Following his term as County Executive, Cochran returned as spokesman for the Applied Physics Laboratory, and learned how to fly at Haysfield Airport. Cochran's family has remained active in Howard County. His son William is an active artist with works proposed for Symphony Woods, his daughter Courtney Watson became a school board member, County Councilperson, and Maryland State Delegate. His daughter Mary Catherine is a founding member of Preservation Howard County, winning the preservationist of the year award for defending and preserving the remaining county historical resources after significant losses to land development approved by the county.

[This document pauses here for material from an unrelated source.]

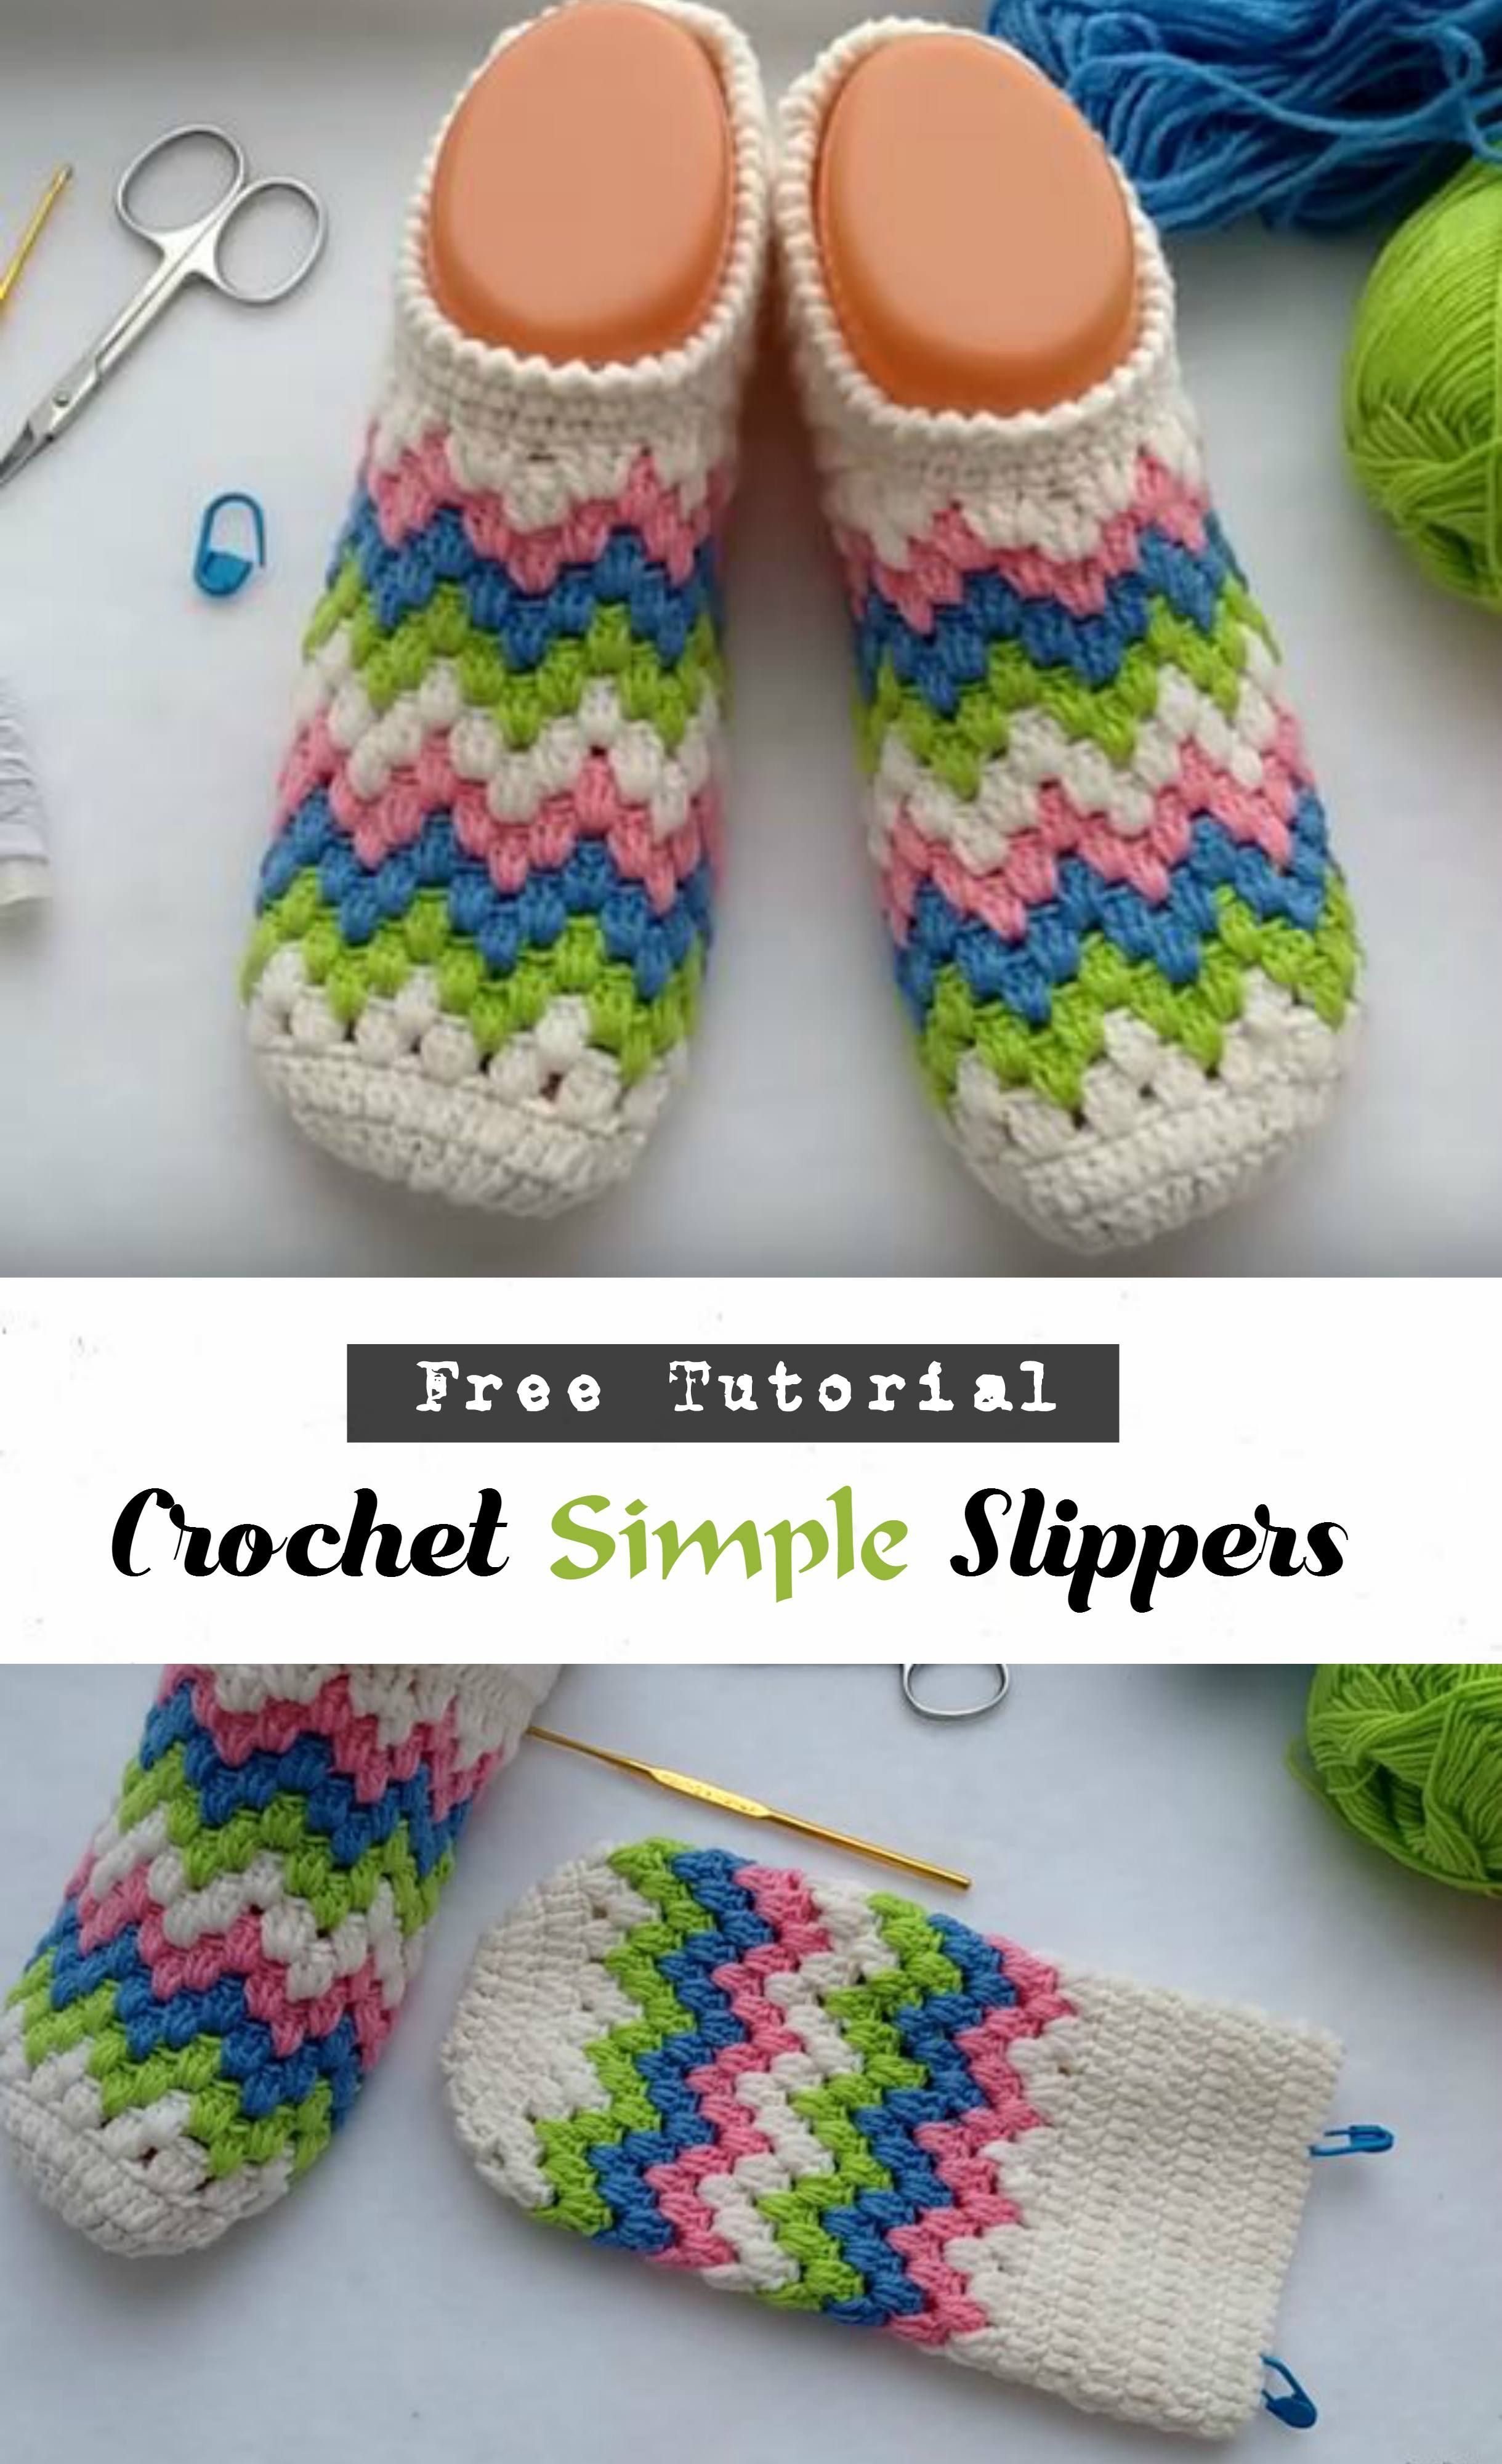 Simple Crochet Slippers Pattern Crochet Simple Slippers Crochet Footwear Pinterest Crochet

Cochran died on November 16, 2025, at the age of 96.

== Political activity ==
Cochran served part-time as a member of the Howard County Board of Education (1964–1968) becoming chairman and as a Howard County Councilperson (1971–1974). Cochran served as Howard County Executive (1974–1978), running on a slate of Columbia Democratic Club sponsored representatives from Columbia including Ginny Thomas, Lloyd Knowles, Richard Anderson and Ruth U. Keeton. He was a member of the Regional Planning Council (1974–1978) and of the Criminal Justice Information Advisory Board, (1977–1980). Other activities include: Board of Appeals candidate (1980), Howard County Task Force on growth and development (1988), and Howard County Charter Review Commission (2012).

=== Human rights ===

==== Desegregation of Howard County Schools ====
The Howard County School Board had pursued a policy of voluntary integration prior to 1964, which resulted in only a fraction of black students attending white schools. As late as 1964, ten years after Brown v. Board of Education, the board stated that it would not consider forcing integration until 1967, to "allow for a reasonable period of adjustment" to the change. However, in May 1964, as the county experienced increasing growth, the board was expanded to five members, and Cochran was appointed as one of the board's new members. He is credited by Maryland State Senator Robert Kittleman, then the education chairman of Howard County's NAACP chapter, for providing the swing vote on February 9, 1965, to close all-black schools.

===== Human Rights Act =====
In 1975, as County Executive, Dr. Cochran introduced an act establishing an Office of Human Rights and making discrimination on the basis of race, creed, religion, physical or mental handicap, color, sex, national origin, age, occupation, marital status, political opinion, sexual orientation, or personal appearance in the areas of housing, employment, law enforcement, public accommodations, and financing unlawful in Howard County Maryland.

==Awards==
In 2009, the Howard County Human Rights Commission awarded Cochran the 2009 Human Rights Award. In 2010 he was awarded the James Clark Jr. Medal from Howard County Community College for his role in growing Howard Community College as a member of the board of trustees.